= Edward Hughes Glidden =

American architect

Edward Hughes Glidden (1873 – May 2, 1924) was a Baltimore-based architect of many residential apartment buildings and commercial structures including the Sydenham Hospital and the Furness-Withy Building.

==History==
Glidden was born in 1873. His father was William Pierce Glidden, the founder of the Glidden Varnish Company. Going against his father, he studied in Paris, France from 1908 to 1912, in order to become an architect. He returned to Baltimore, Maryland and established an office in the city. In the process, he began a partnership with Clyde Nelson Friz, creating the firm Glidden & Friz. During their partnership, he designed apartment houses such as Tudor Hall Apartments, Calvert Court Apartments, Canterbury Hall Apartments, Homewood Apartments, and Essex Hall.

He also designed Furness-Withy Building (also called the "Furness House"), Sydenham Hospital for Communicable Diseases, Latrobe Building, and The Esplanade with Friz, before their partnership ended in 1922. After their partnership ended, and before his death, he partnered with Hubert Upjohn and entered a competition to design new buildings for Baltimore City College.

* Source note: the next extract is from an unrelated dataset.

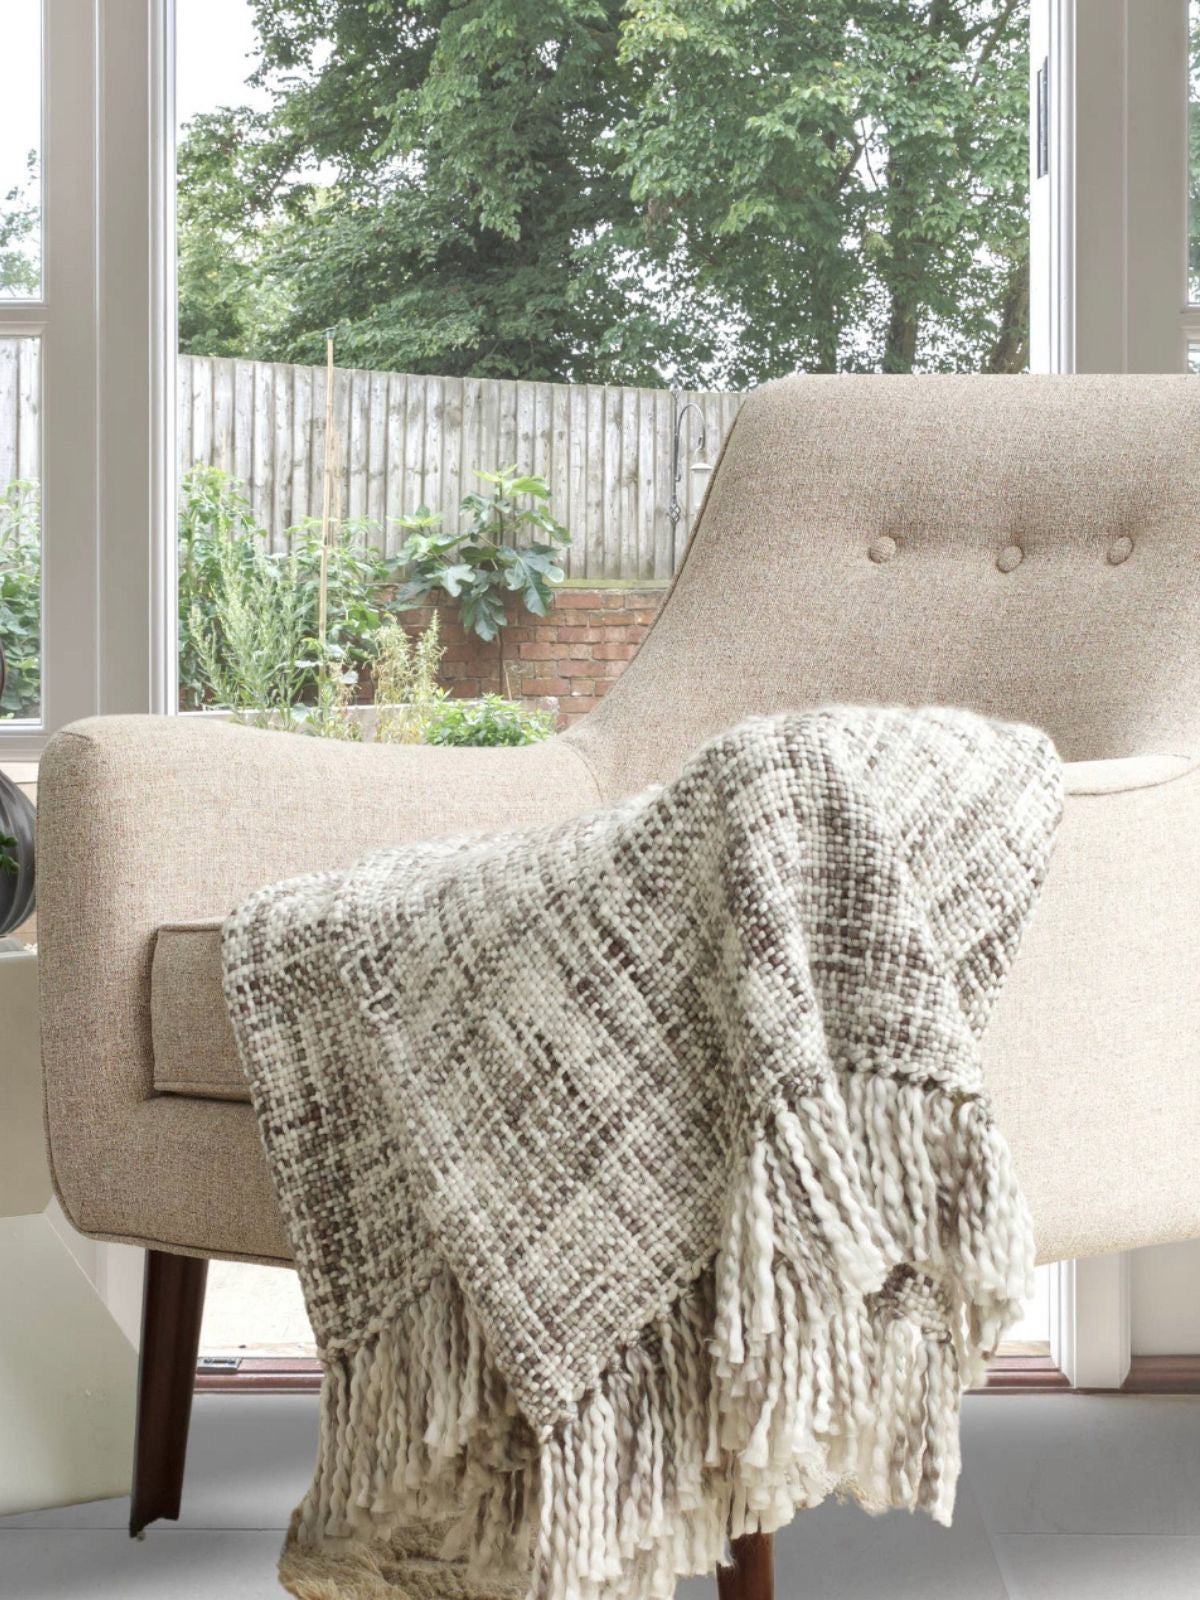 Platinum Grey Marled Basketweave Plush Knit 100% acrylic yarn Decorative Throw Sold by KYA Home Decor, 50W x 60L.

Before his partnership with Friz, he designed buildings in Baltimore such as Mount Royal Apartments, Earl Court Apartments, the Washington Apartments, Rochambeau Apartments, and Marlborough Apartments. He used the names "E. H. Glidden" or "Edward M. Glidden" during his professional work.

He died on May 2, 1924 and was buried in Druid Ridge Cemetery in Pikesville, Maryland.

==Personal life==
He had two children, Edward Hughes Glidden Jr. (1901–1975) and Pauline Glidden (1903–1968), with Pauline Boucher Hughes, both of whom were born in Baltimore. His son, Edward, would also become an architect.